- Born: May 21, 1965 (age 60) Santa Monica, California

= Josh Richman =

American actor

Josh Eric Richman (born May 21, 1965) is an American actor, writer, producer, director. and club promotor. He is best known for his work with Guns N' Roses.

== Career ==
His first acting job was a minor role in the science fiction television show V: The Series.

In 1991, Richman developed a professional relationship with Axl Rose from Guns N' Roses that led to him directing their video for a cover of Paul McCartney's "Live and Let Die". He is featured prominently in the Guns N' Roses home video titled, Making F@#$ing Videos Part 1 which chronicles his involvement in co-writing the promotional video for the GN'R hit "Don't Cry". Richman's involvement with the band landed him the inclusion of his photo in the booklet of their multi-platinum selling Use Your Illusion I and Use Your Illusion II albums. Richman had a small speaking role in the spoken word section of their cover of "Knockin' on Heaven's Door".

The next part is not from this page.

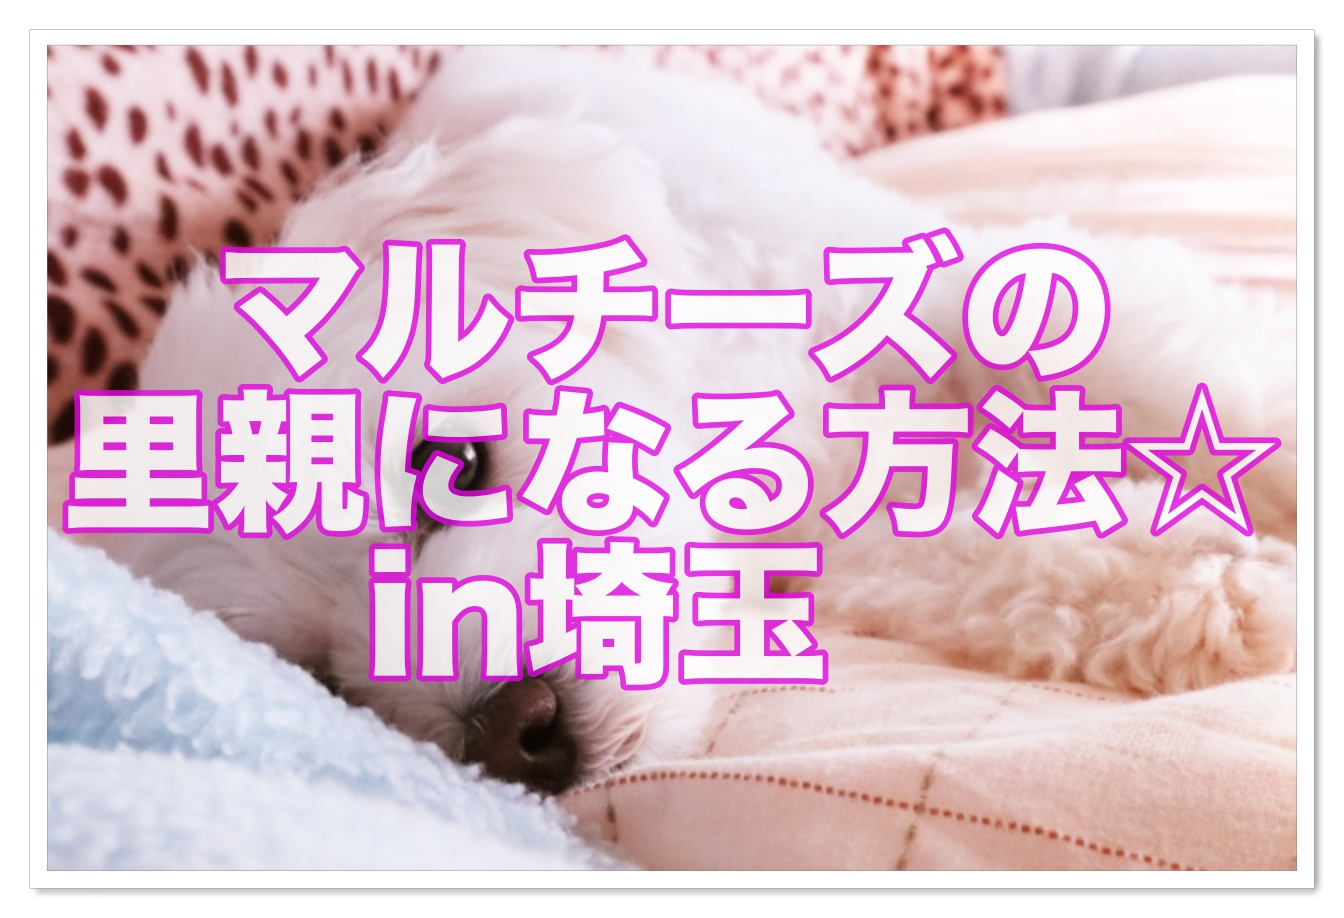 譲り ます 無料 埼玉 子犬

Richman's first big role was in the 1986 drama film River's Edge as Tony. He also appeared in two other films that year, Thrashin' and Modern Girls. He appeared in the 1987 film The Allnighter and the 1988 sequel film, Fright Night Part 2. Also in 1988, he played a role in the film Heathers. His other films include Kiss Kiss Bang Bang (2005), The Education of Charlie Banks (2007) and a minor role in Oliver Stone's Natural Born Killers and Adam Collis' Sunset Strip.

Richman had minor roles in the following television shows: The Twilight Zone, V: The Series, 21 Jump Street, and Pacific Blue.

Richman is the manager of a rock band called Deadsy.

In 2000, Richman and two others founded the Alliance, a club promotion agency in Hollywood.